Typical usage of paginate():

<%
  posts = MDCONTENT.posts()
  chunks, page_urls = posts.paginate(5, context)
  curpage = context.get('_page', 1)
%>

% for post in chunks[curpage-1]:
  ${ show_post(post) }
% endfor

% if len(chunks) > 1:
  ${ prevnext(len(chunks), curpage, page_urls) }
% endif

Render to an arbitrary file

  • def write_to(self, dest, context, extra_kwargs=None, template=None): Calls a template with the MDContentList in self as the value of CHUNK and write the result to the file named in dest. The file is of course relative to the webroot. Any directories are created if necessary. The template is by default the calling template while extra_kwargs may be added if desired.

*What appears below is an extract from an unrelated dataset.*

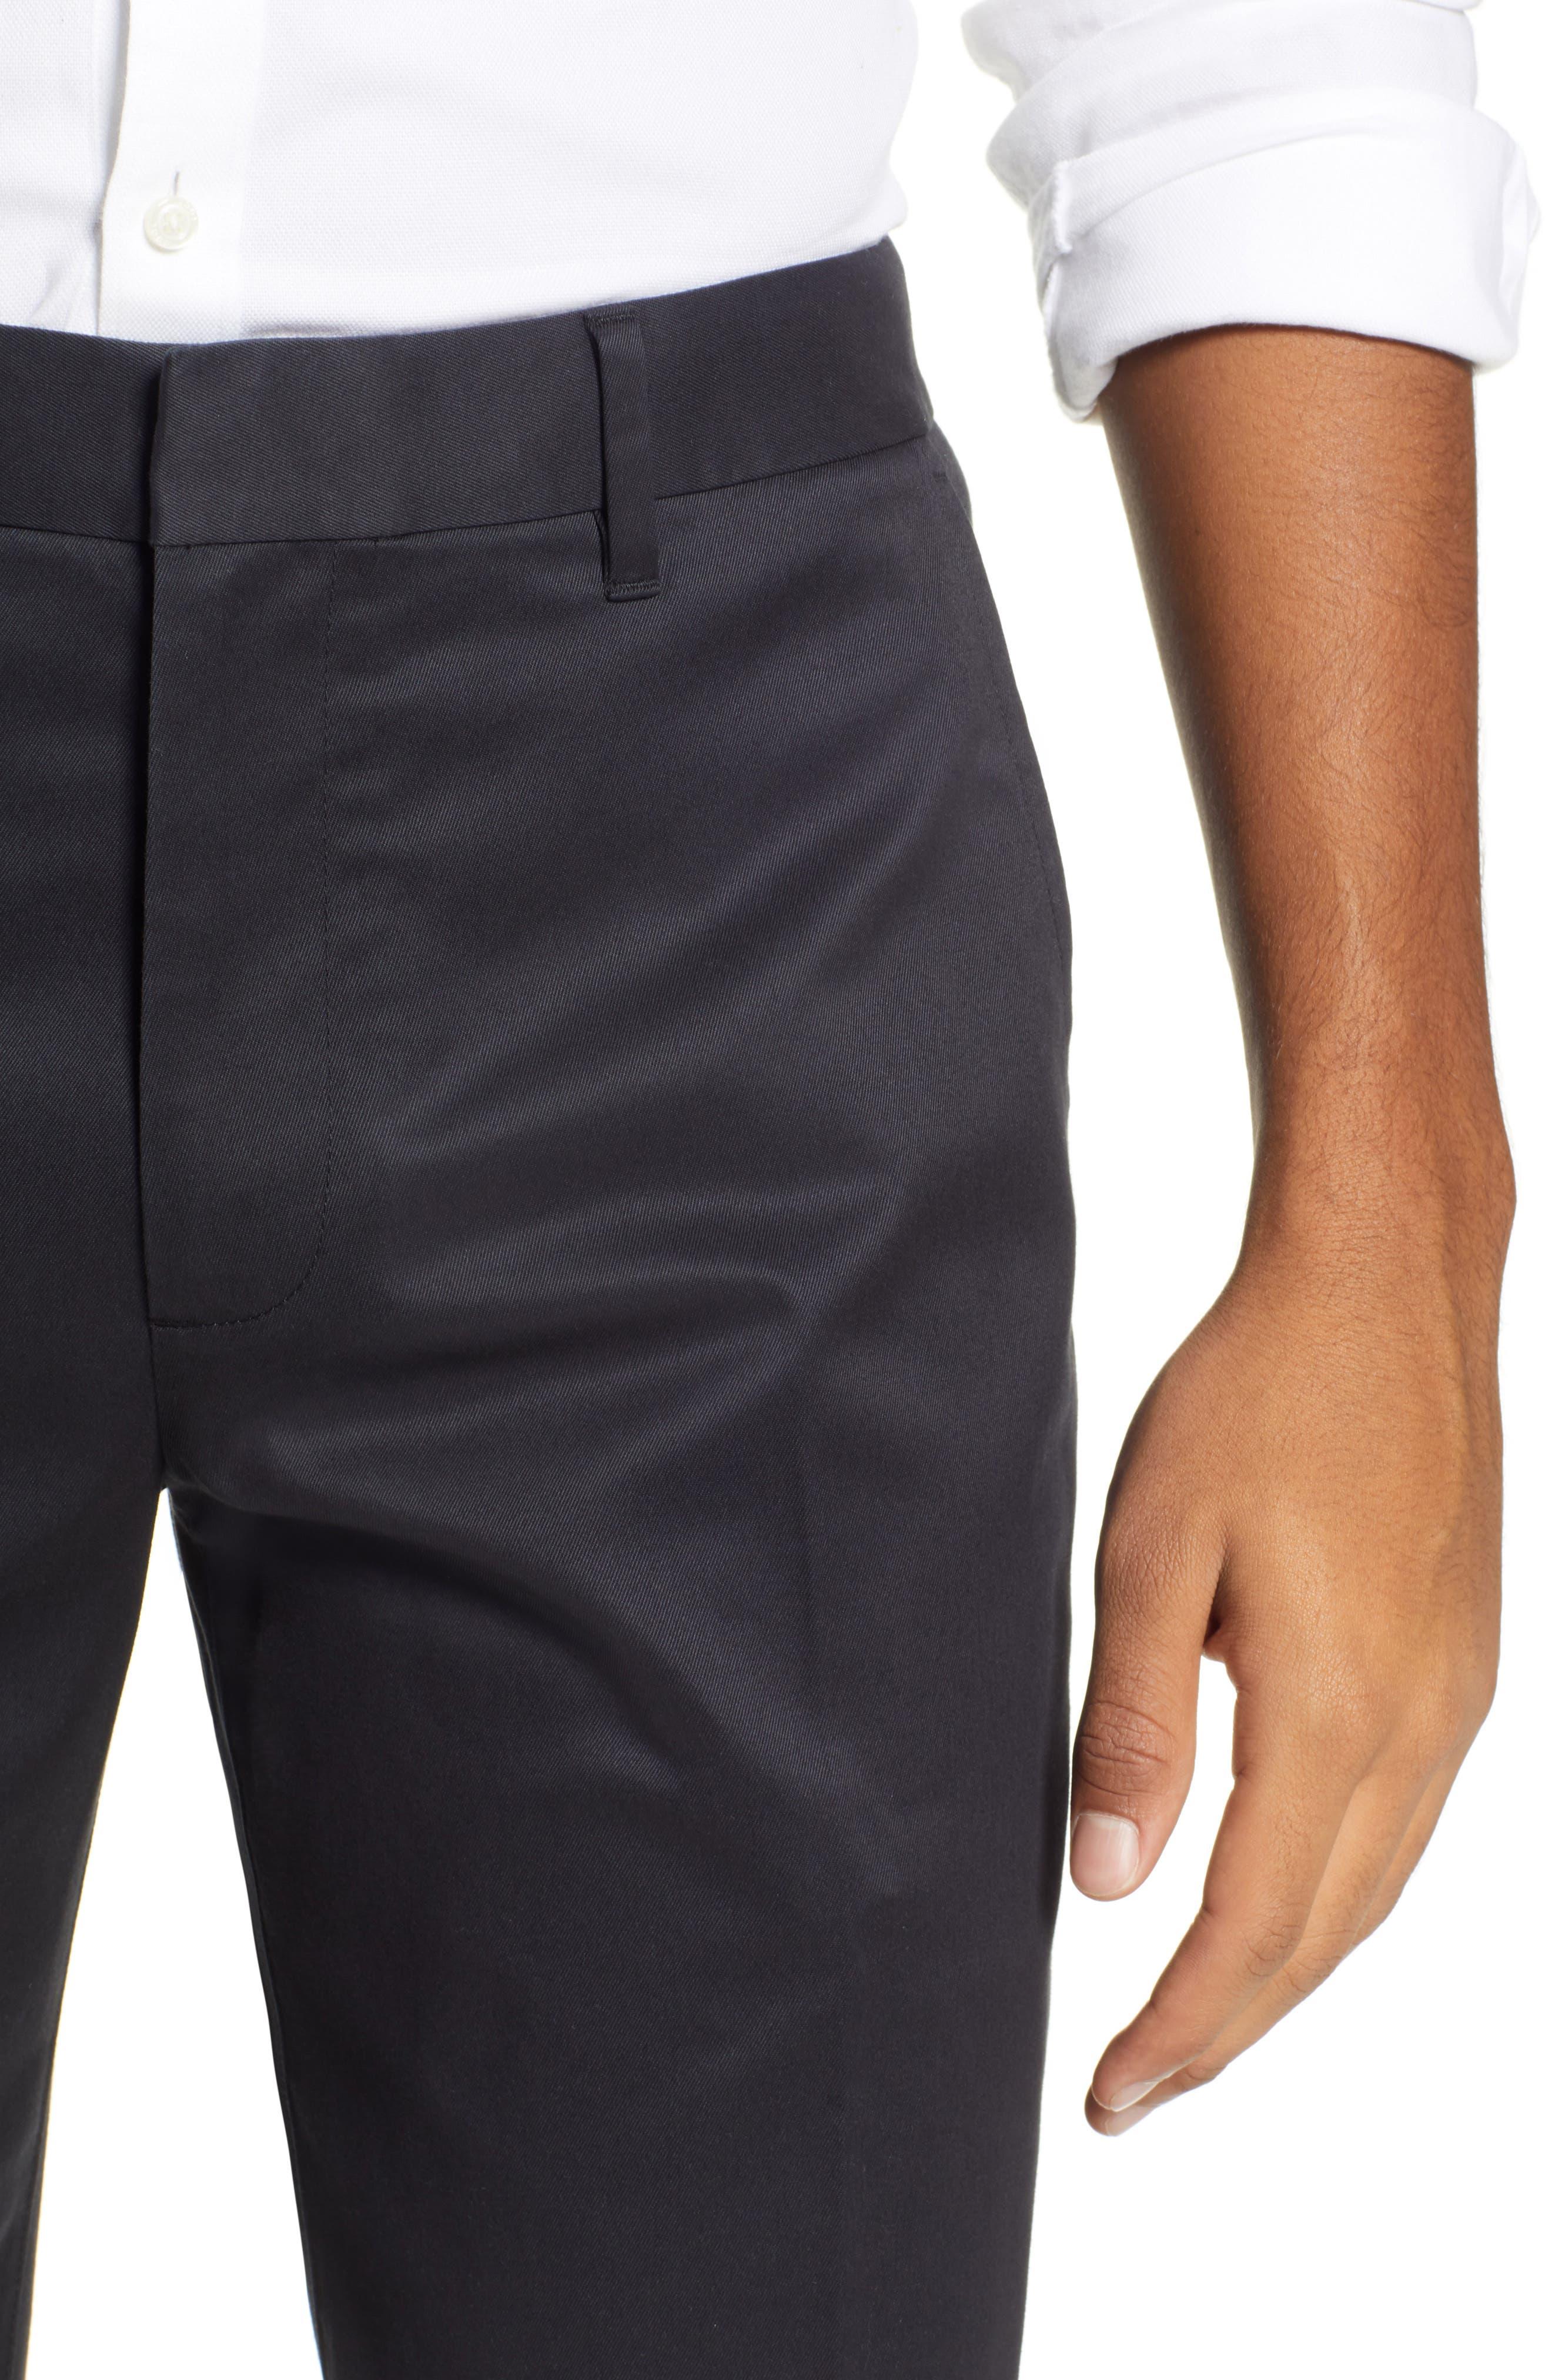 BONOBOS, Weekday Warrior Straight Leg Stretch Dress Pants, Alternate thumbnail 5, color, 001

Typical usage of write_to():

<%
  if not CHUNK:
     for tag in tags:
         tagged = MDCONTENT.has_tag([tag])
         if not tagged:
             continue  # avoid potential infinite loop!
         outpath = '/tags/' + slugify(tag) + '/index.html'
         tagged.write_to(outpath, context, {'TAG': tag})
%>

% if CHUNK:
  ${ list_tagged_pages(TAG, CHUNK) }
% else:
  ${ list_tags() }
% endif